And I forgot to mention one of the really important things that government does. Government creates the context for, and incentives for, how everyone else behaves, right? They set up the accountability systems. They set up the systems by which you can be paid and have resources flow into your organization. And they set up the consequences that can fall upon you if you misbehave. And all of those incentives are actually really important to how private actors perform as well. On the private actors side, you have, typically, structures that are not as democratic, which means that they can move nimbly. Maybe not engage as many stakeholders, but they can move more quickly. They can take more risk, because they don’t have political considerations. And they have natural incentives, in most cases, for sustainability and scale. That’s especially true on the for-profit side, but more and more it’s true on the nonprofit side as well, because there’s not an unlimited amount of philanthropic capital.

And so, when you look at the world from these two different, or two or three different perspectives, you quickly realize that each has a very specific role to play. That they need to learn from each other, and work together, and not respond to the caricatures of what they think each other wants.

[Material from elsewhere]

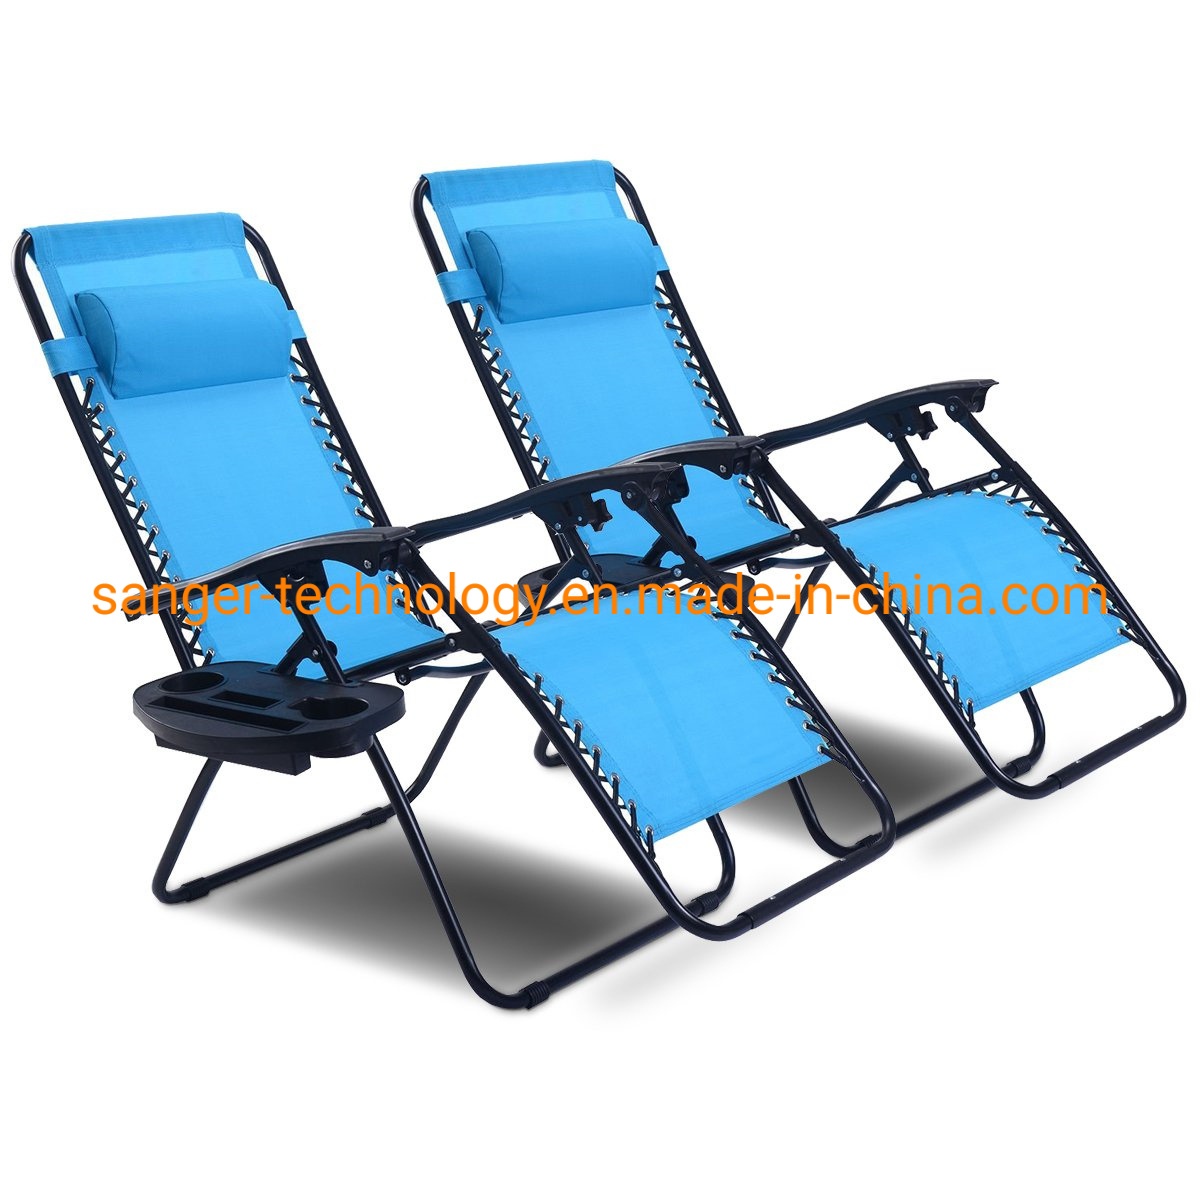 Hot Item Goplus Zero Gravity Chair Adjustable Folding Lounge Recliners For Patio Outdoor Yard Beach Pool Wcup Holder 300 Lb Weight Capacity Light for measurements 1200 X 1200

Chris Riback: So I want to follow up on both of those sides – on the governmental side and the role of R and D and where has it been and on the nonprofit or in private sectors that you’ve worked in, some of the efforts that philanthropists have made, and so on. But I think it’ll be helpful to just confirm a definition from your point of view, because we’re talking about innovation. What does innovation mean when it comes to education?

Jim Shelton: Chris, I’m really glad you asked, because there are so many different definitions of innovation floating around out there. And I did a bunch of work when I first had a job with “innovation” in the title to decide which one was most important, and it was in the context of education. And what I realized is, that there are two dimensions of innovation that are really important for something to be, what I would call truly innovative. One is that the thing, whatever it is, needs to produce sets of outcomes, have impact, that are significantly better than the status quo. And the second is that it actually needs to reach a large percentage of the target population over time.

Chris Riback: And be able to scale, I assume. Does that incorporate scale?

Jim Shelton: That is exactly what that means. It means to be able to scale, to reach those people. Right? And so it’s impact and scale. And the reason I say that is, there are lots of inventions, things that show in isolated incidences great potential, and actually even great results, in isolated environments. But… and those are really important, because they do change our sense of the possibilities.

But what we need are things that actually change millions and millions of people’s lives. And innovation is at that intersection of impact and scale. When you think about the most innovative organizations and companies in the world, you think about things that have changed the way we live as humans, and even what our expectations are, and they didn’t happen because they did something really neat in one isolated environment. They did something that not only was precedent setting, and did it in a way that allowed broad cross sections of the world to benefit from it. And they set a new level of expectation of what was possible. That’s a big deal, and that’s what innovation is.

Chris Riback: Is there no such thing as too big of a bite to chew?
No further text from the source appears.